Living along the borders

The Ladies Who Lunch were The Ladies Who Brunch yesterday. We were a small group, only four, because three of the group are traveling. Two are on pleasure trips, and the third is headed to New Mexico for an uncle’s funeral. We changed our time to meet because one of the gals needed to drive to Los Angeles to be with her parents who are in declining health. An older sister is making the big move into the parents’ home to be there for them, something my friend cannot do. These are the border years.

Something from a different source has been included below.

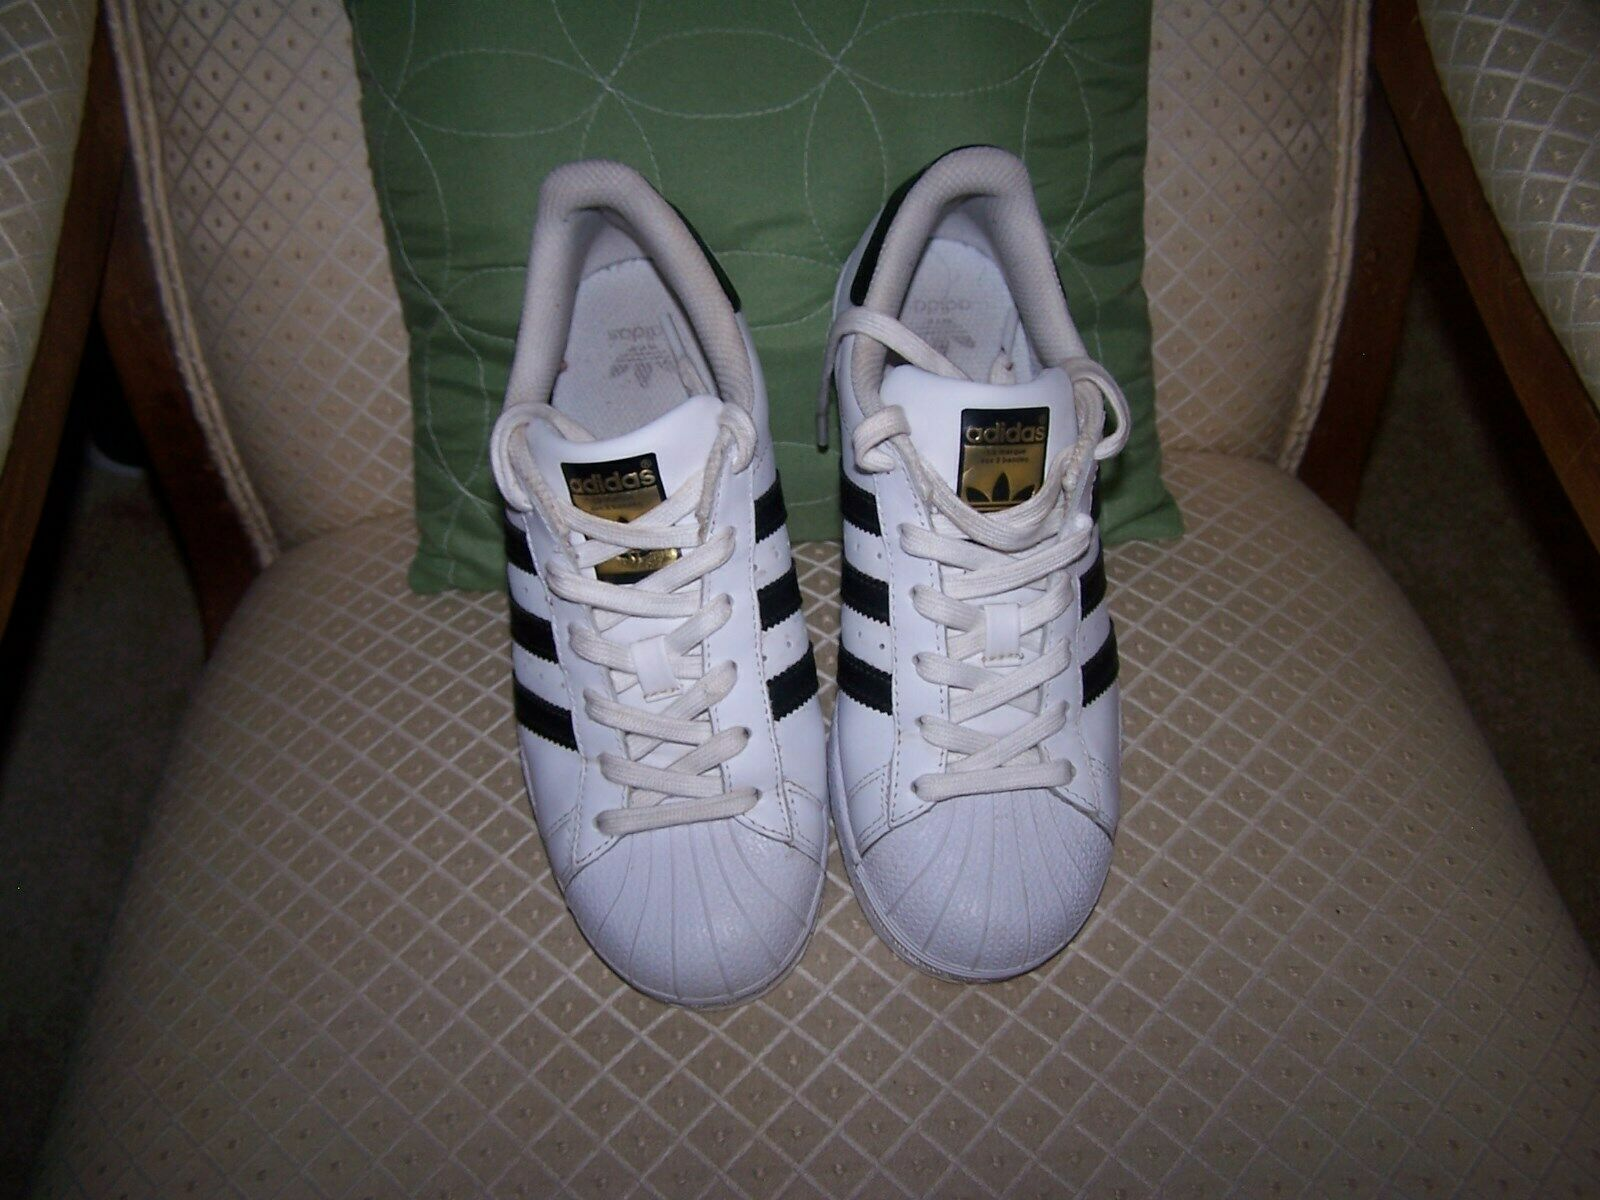 size 5 adidas superstar
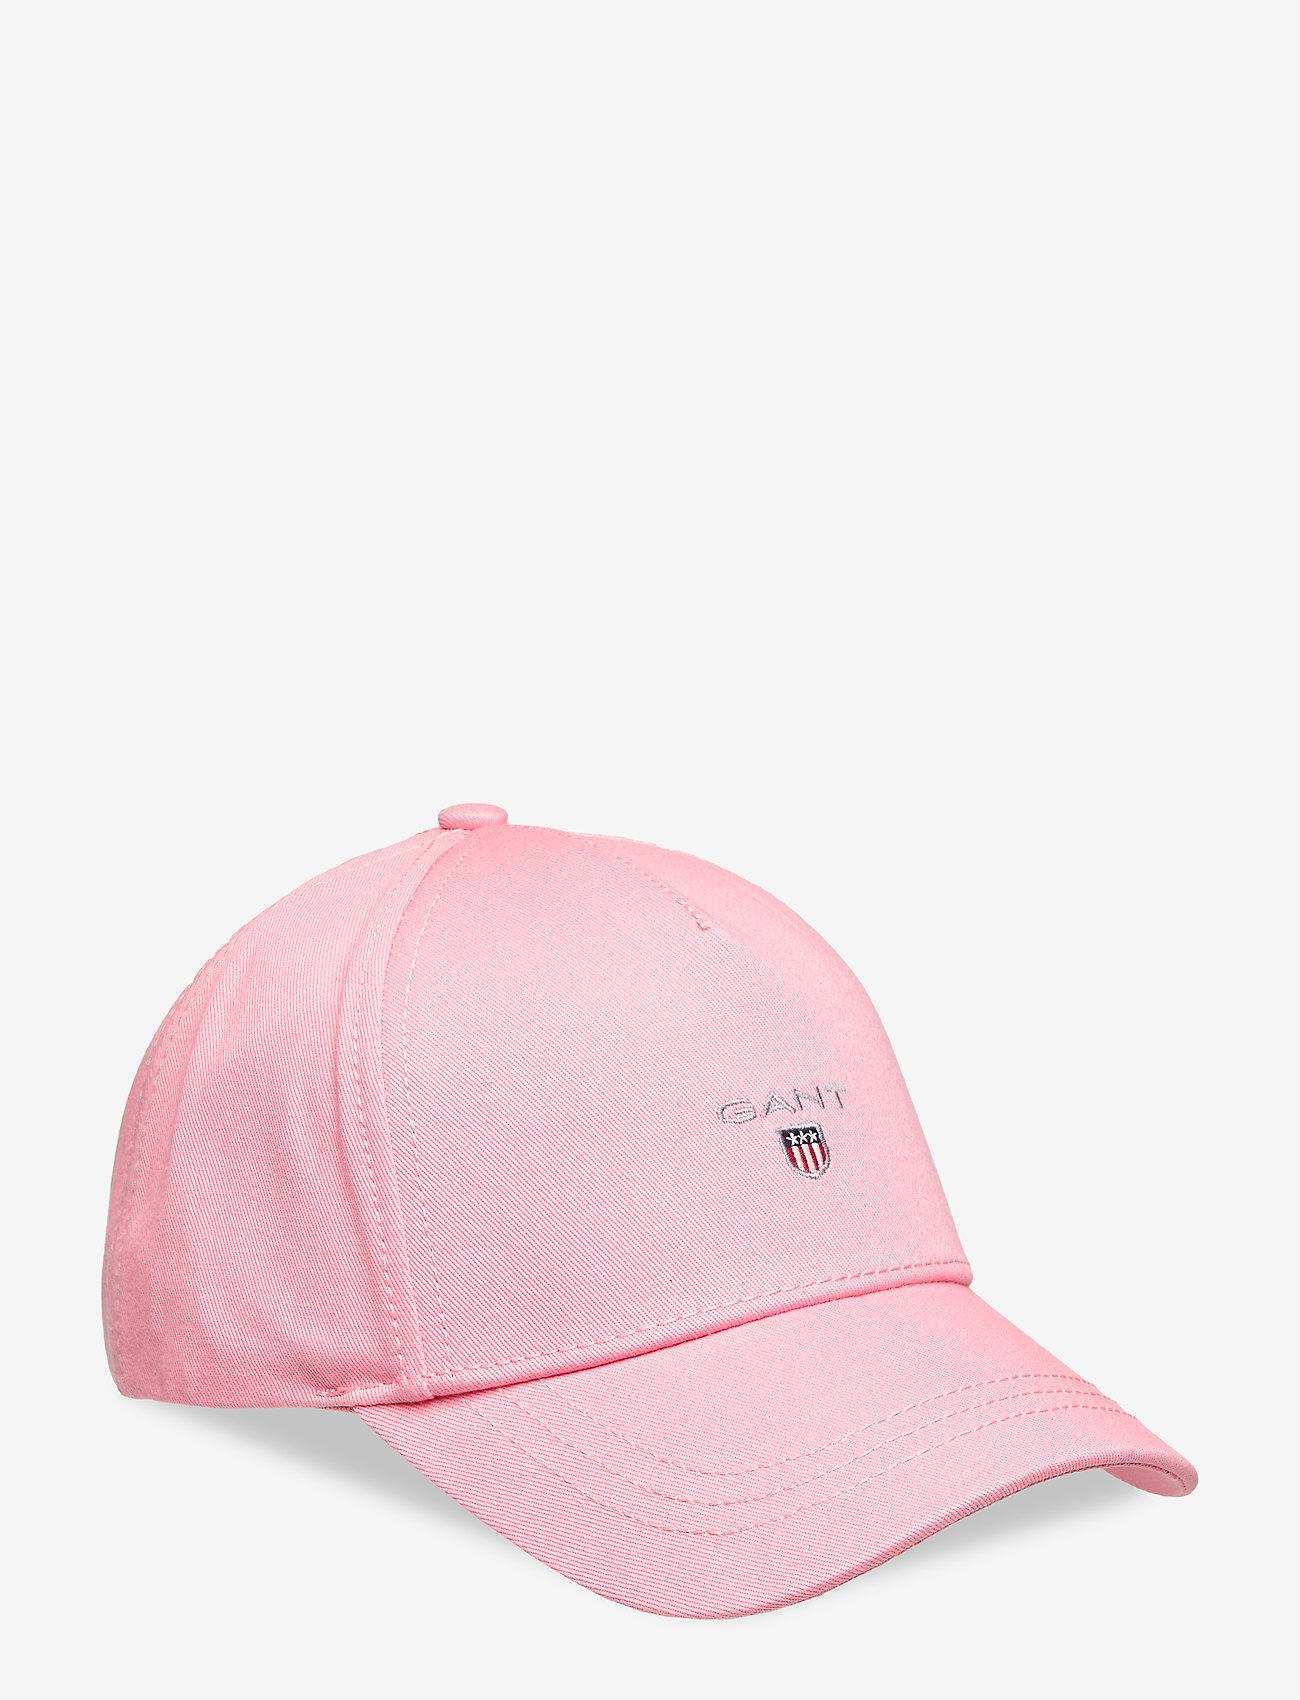 GANT - ORIGINAL SHIELD CAP - caps - strawberry pink - 0

For most of our life, we have all been busy with raising our children, going to our jobs, taking part in the community. The heart of life. Now, though, in retirement, we are seeing the borders of life. Being available to care for grandchildren. The decline, and eventual death of parents. A series of health problems that limit activities. The border activities that we never noticed when we were in the heart of life, busy, successful, creative. Care-giving, decline, illness, loss, fill in the days. Concerns for what the future will hold take precedent over our accomplishments. As we live along the borders, there are fewer successes.

We find delight in small pleasures, like a couple of hours spent with friends over good food. We commiserate with one another about the trials of the border life. We recollect our memories of those inland years, so busy, so productive. We share many of those memories. Now we tread carefully towards the borders where we’ve not been before. A few have gone ahead and tell us what they have seen. We will need energy and stamina, but those seem less and less as we reach the border.

We cannot turn back. We will share our experiences. We will continue to encourage one another.  Together we will find our way along the borders.


5 responses to “Living along the borders

  1. This is a timely post for me, as we are dealing with my mom’s issues now. It comes with a lot of family conflict, we need strength going forward, energy and stamina as you said.

  2. Interesting to think of living on the borders. I haven’t looked at it quite that way. I have no children, and my husband and I are each other caretakers, for as long as we can do it. I also take much pleasure in my other retired friends. 🙂

  3. With your permission I think I’ll be adding the term ‘border years’ to my vocabulary.

    • It’s funny how the term came to me. We talked at that brunch about how life moves from all things being fine to things being different, like living in a different country. That night I kept replaying our conversation and the term “living at the border” kept coming to mind.